Ed Weinberg thinks he has developed the best way to stop the toxic blooms of blue-green algae that have been fouling bodies of water from the Florida Everglades to the Great Lakes and beyond.

The algae feed on phosphorus from farms and wastewater treatment plants that makes its way into rivers and lakes. Mr. Weinberg’s solution deploys tiny beads of engineered resin that can absorb the mineral from water and extract it for reuse.

“It’s simple yet elegant chemistry,” said Mr. Weinberg, a chemical engineer who is among the finalists in a $10 million competition that is one of a number of both public and private efforts to solve a growing problem in U.S. waterways.

Researchers are racing to find solutions to outbreaks of blue-green algae that are increasing in frequency and severity. Carpets of stinking algae have sickened people and animals and hurt the fishing and tourism industries.

In 2014, the drinking water for nearly half a million people in Toledo, Ohio, was contaminated by the toxin microcystin produced by the algae.

“When you’re dealing with an issue as large and complex as we are right now, the more solutions the better,” said Christopher Winslow, who coordinates federal- and state-funded research into algal blooms at Ohio State University. He isn’t involved in the competition, which is privately run.

So far, research has been focused in four main areas, Mr. Winslow said: removing toxins from water, understanding how toxins affect the human body, understanding how blooms grow and preventing blooms in the first place.

Stopping the blooms is taking on more urgency. In March, the Environmental Protection Agency announced a plan to meet a goal of cutting phosphorus entering Lake Erie by 40% through voluntary efforts by 2025. Also last month, Ohio declared the shallow western basin of Lake Erie “impaired,” a step toward tighter regulations of phosphorus from farms and wastewater plants.

Algal blooms in Lake Erie were a problem in the 1960s. The blooms faded after regulations were implemented that required wastewater treatment plants to cut phosphorus.

But in the mid-1990s the blooms returned, and they have been surging more recently. Today, scientists point to farm runoff as a major cause of blooms.

For Lake Erie, the Maumee and Sandusky rivers are the greatest contributors of phosphorus, with 87% of phosphorus coming from sources that include farms. Environmental groups want tighter limits on use of fertilizer, which typically contains phosphorus.

“It’s time for the foot-dragging to come to an end,” said Howard Learner, president of the Environmental Law & Policy Center, based in Chicago, which sued the state of Ohio in federal court last year, arguing it should declare Lake Erie impaired. A ruling in that case is pending. “We know what causes it. It’s manure and excess fertilizer.”

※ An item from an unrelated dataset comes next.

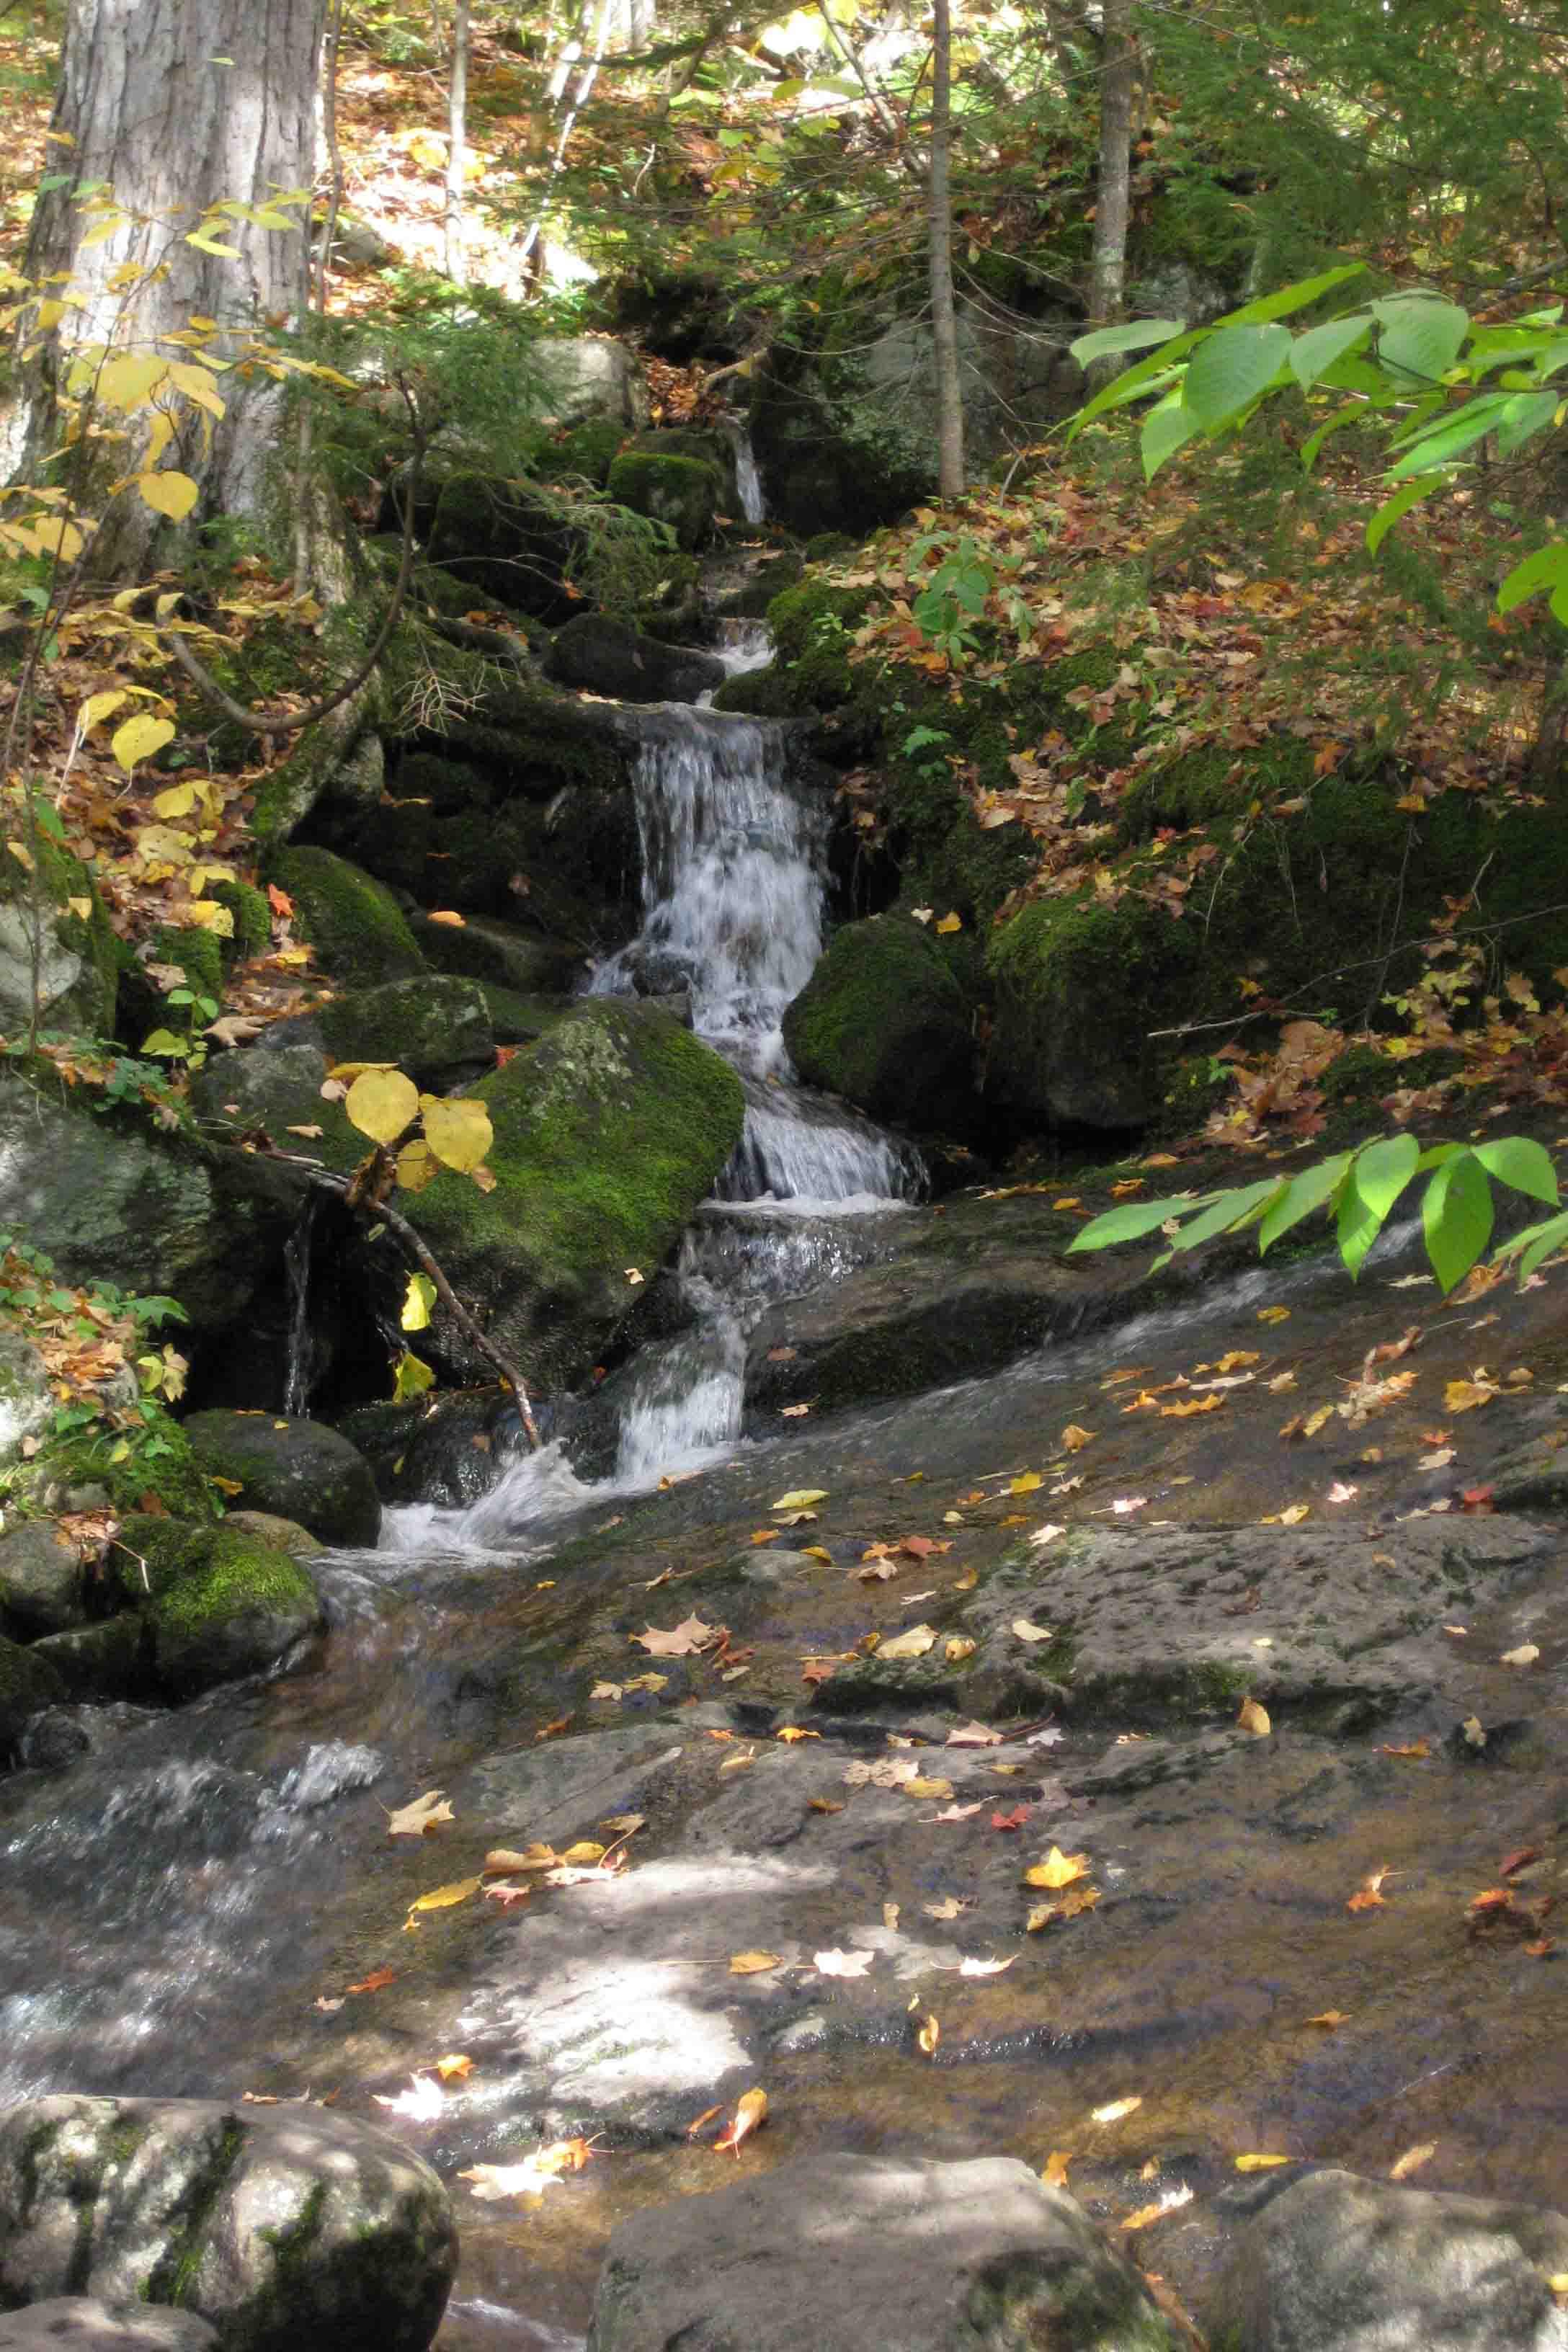 Cascade Mountain Trail in High Peaks Wilderness Area

Joe Cornely, a spokesman for the Ohio Farm Bureau Federation, said farmers are already taking steps to manage fertilizer more effectively. “We recognize that more needs to be done,” he said. “Our approach is, as soon as we figure out something that we know is going to work, let’s take that step.”

Researchers are exploring a variety of solutions. Some are working on ways to remove phosphorus from manure directly. Others are testing materials that could be inserted in drainage tiles under the soil on farms to remove phosphorus before it reaches rivers.

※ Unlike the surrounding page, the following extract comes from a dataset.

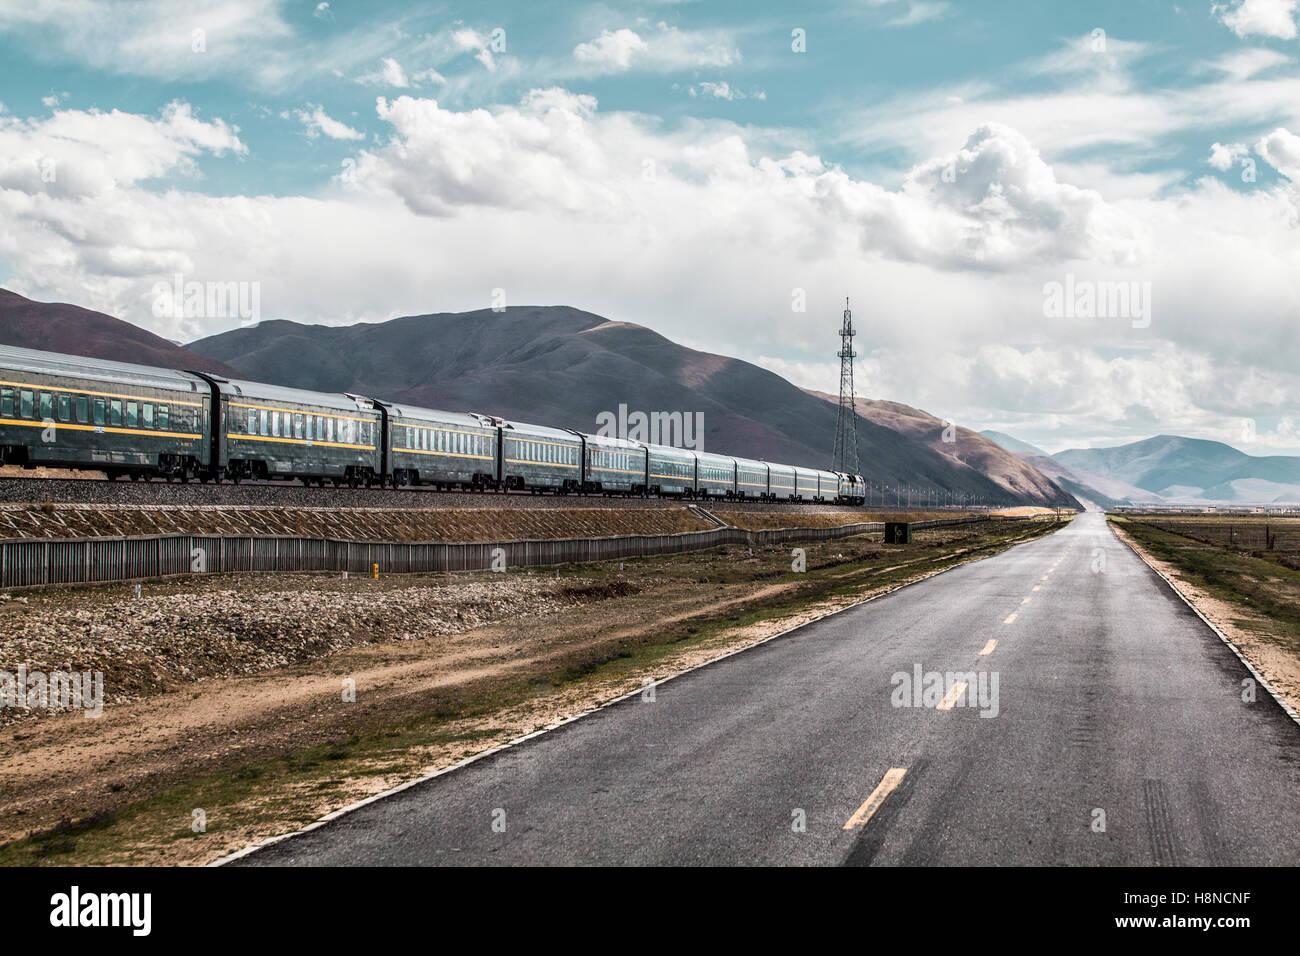 Qinghai-Tibet railway and highway, China - Stock Image

Mr. Weinberg, a 66-year-old from Richboro, Pa., outside Philadelphia, wanted a site with plenty of manure to test his technology last fall. He found a horse farm in Maryland with a pond thick with algae. He filled burlap sacks with his beads and put them in open crates, creating a makeshift filter in a drainage creek that flowed into the Chesapeake Bay.

He said he was able to replicate his lab results for removing phosphorus, and said there is no reason his technology couldn’t be applied at commercial farms in Ohio where phosphorus eventually makes its way into Lake Erie.

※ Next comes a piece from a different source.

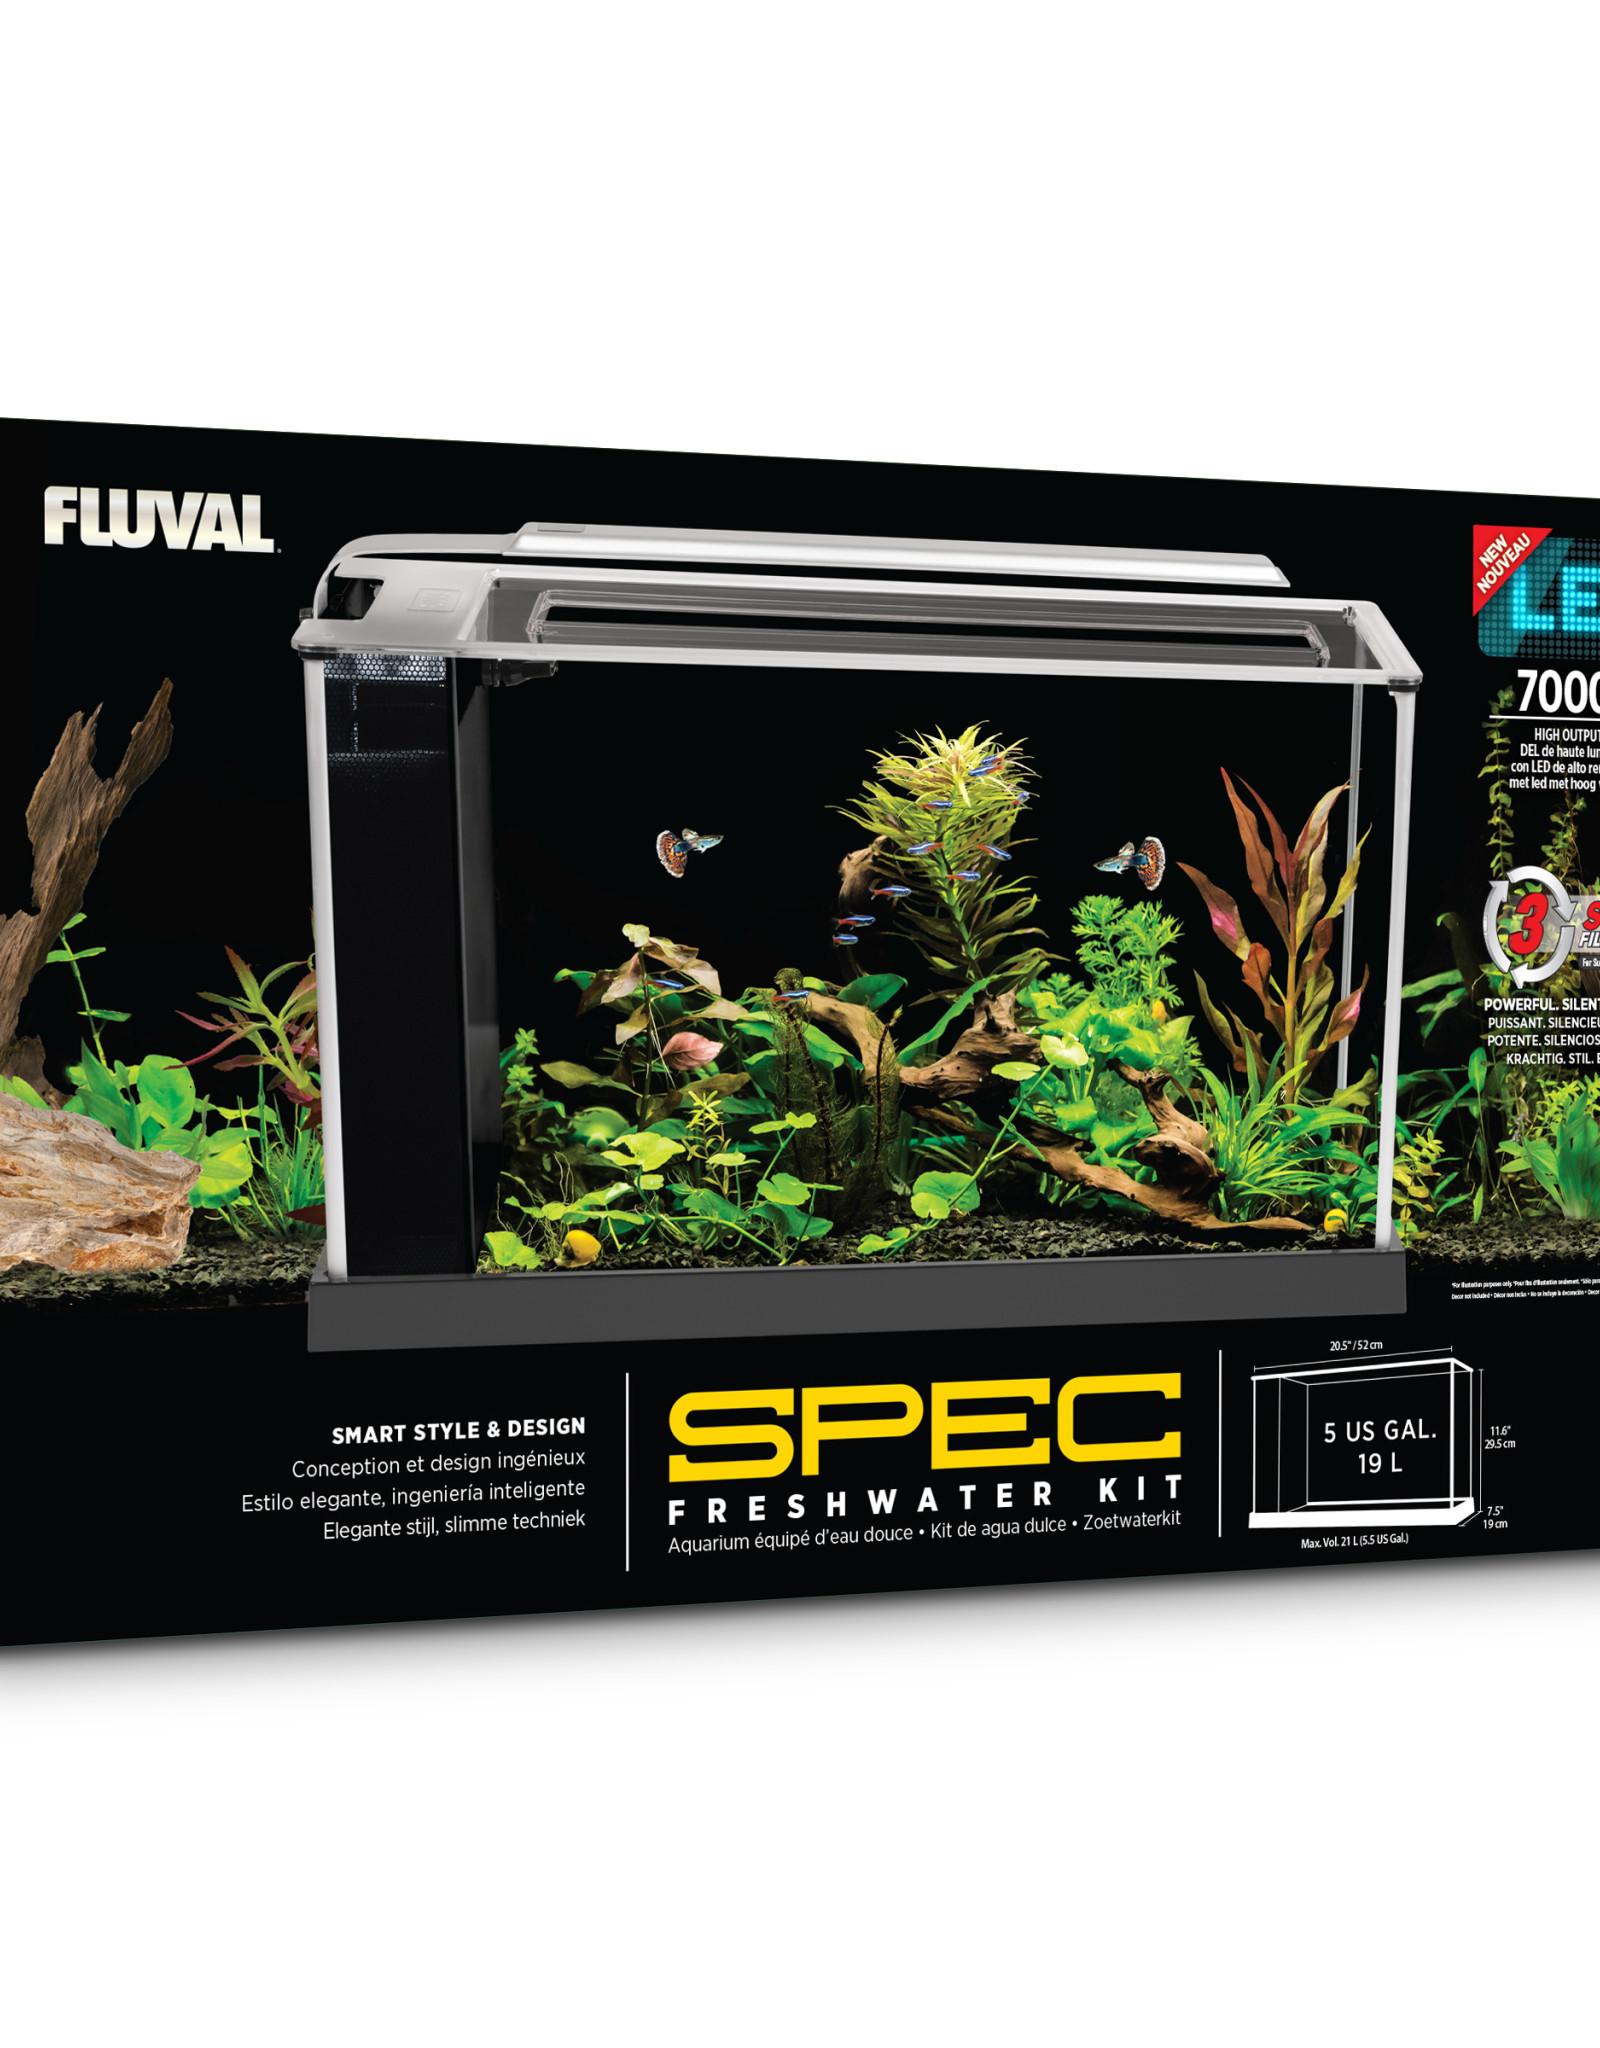 Fluval Sea Fluval Spec V Aquarium Kit 5 gal.

The competition in which he is a finalist is offering a $10 million prize for the best phosphorus-removal technology. It is sponsored by the nonprofit Everglades Foundation and the Scotts Miracle-Gro Foundation, a charitable organization affiliated with the fertilizer company.

The numbers of teams competing have been winnowed from more than 100 from 13 countries, to 10 from the U.S., Canada, the Netherlands and China, according to officials working on the competition.